Why it works: The invariant is that at every step, balance represents the number of currently unmatched opening brackets. A negative balance indicates a closing bracket with no corresponding opening bracket, which violates the balanced condition. Ending with balance zero ensures that every opening bracket is paired. This approach directly mirrors the logical definition of a balanced bracket sequence and cannot produce incorrect output because it tracks the necessary nesting property explicitly.

Python Solution

import sys
input = sys.stdin.readline

s = input().strip()
balance = 0
for ch in s:
    if ch == '(':
        balance += 1
    else:  # ch == ')'
        balance -= 1
    if balance < 0:
        print("NO")
        sys.exit(0)
print("YES" if balance == 0 else "NO")

The code reads the input string and removes any trailing newline.

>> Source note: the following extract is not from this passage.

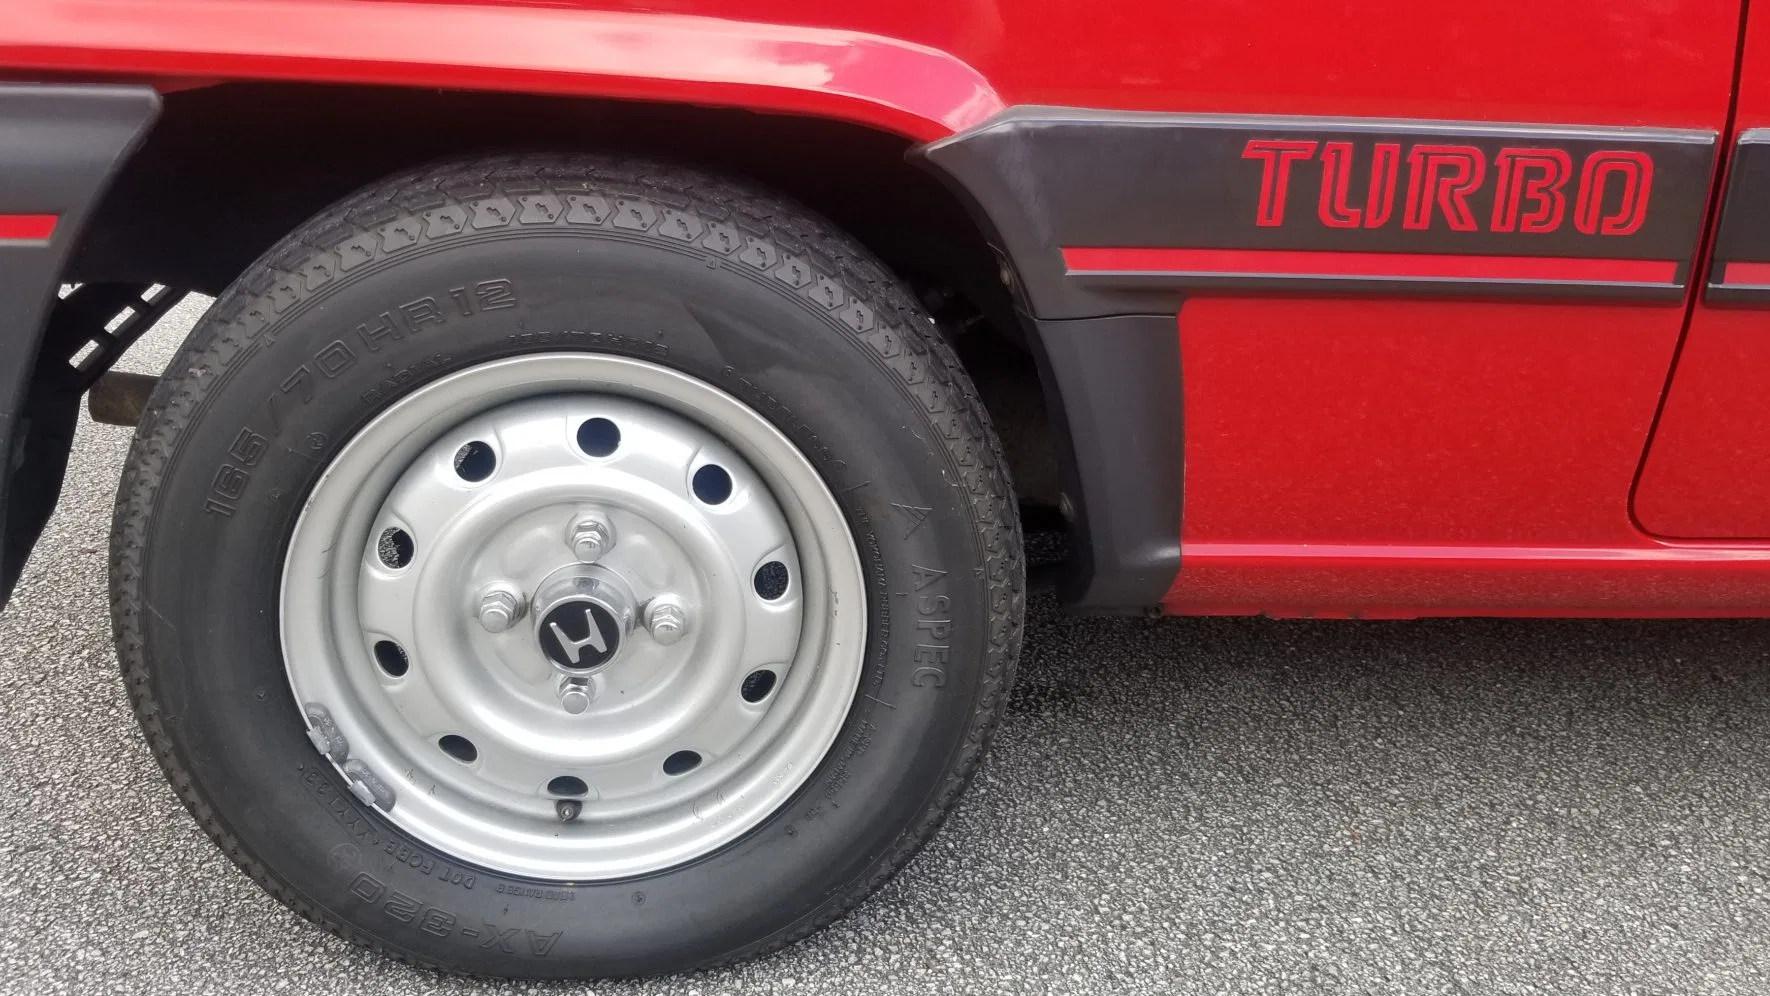 1983 Honda City Turbo driver's seat

We maintain a balance variable to track unmatched opening brackets. Each opening bracket increments the balance, each closing bracket decrements it. The immediate check for negative balance ensures early termination for sequences that start with unmatched closing brackets. Finally, the check for zero balance ensures all openings are matched. This implementation avoids off-by-one errors and handles sequences of length 1 correctly.

Worked Examples

Sample 1: «(()(()))()»

Character balance Action
( 1 Increment
( 2 Increment
) 1 Decrement
( 2 Increment
( 3 Increment
) 2 Decrement
) 1 Decrement
) 0 Decrement
( 1 Increment
) 0 Decrement

At no point does balance go negative, and it ends at zero, so output is «YES». This confirms correct nesting and matching.

Sample 2: «)(»

Character balance Action
) -1 Decrement and detect negative balance

Immediately prints «NO» because the first character cannot be matched.

Complexity Analysis

Measure Complexity Explanation
Time O(n) Single traversal of the string, n ≤ 100
Space O(1) Only one counter variable is maintained

Given the constraint n ≤ 100, this linear solution is trivial to run within the 2-second limit and uses negligible memory.

Test Cases

import sys, io

def run(inp: str) -> str:
    sys.stdin = io.StringIO(inp)
    s = sys.stdin.readline().strip()
    balance = 0
    for ch in s:
        if ch == '(':
            balance += 1
        else:
            balance -= 1
        if balance < 0:
            return "NO"
    return "YES" if balance == 0 else "NO"

# Provided samples
assert run("(()(()))()\n") == "YES", "sample 1"

# Custom cases
assert run(")\n") == "NO", "single unmatched closing"
assert run("(\n") == "NO", "single unmatched opening"
assert run("()()()()()\n") == "YES", "repeated balanced pairs"
assert run("((())())(()())\n") == "YES", "nested balanced"
assert run("((())\n") == "NO", "missing closing"
assert run("())((\n") == "NO", "negative balance mid-sequence"
Test input Expected output What it validates
) NO Single unmatched closing bracket triggers early exit
( NO Single unmatched opening bracket handled
()()()()() YES Repeated simple pairs maintain balance
((())())(()()) YES Nested balanced sequence works
((()) NO Missing closing bracket detected
())(( NO Balance going negative mid-sequence handled

Edge Cases

For the input «)», the balance starts at 0, the first character decrements it to -1, immediately returning «NO». For «((())», the balance increments and decrements through the string, ending at 1, which results in «NO». These cases confirm that the algorithm correctly handles sequences starting with unmatched closing brackets, sequences ending with unmatched opening brackets, and nested structures, always producing the correct output.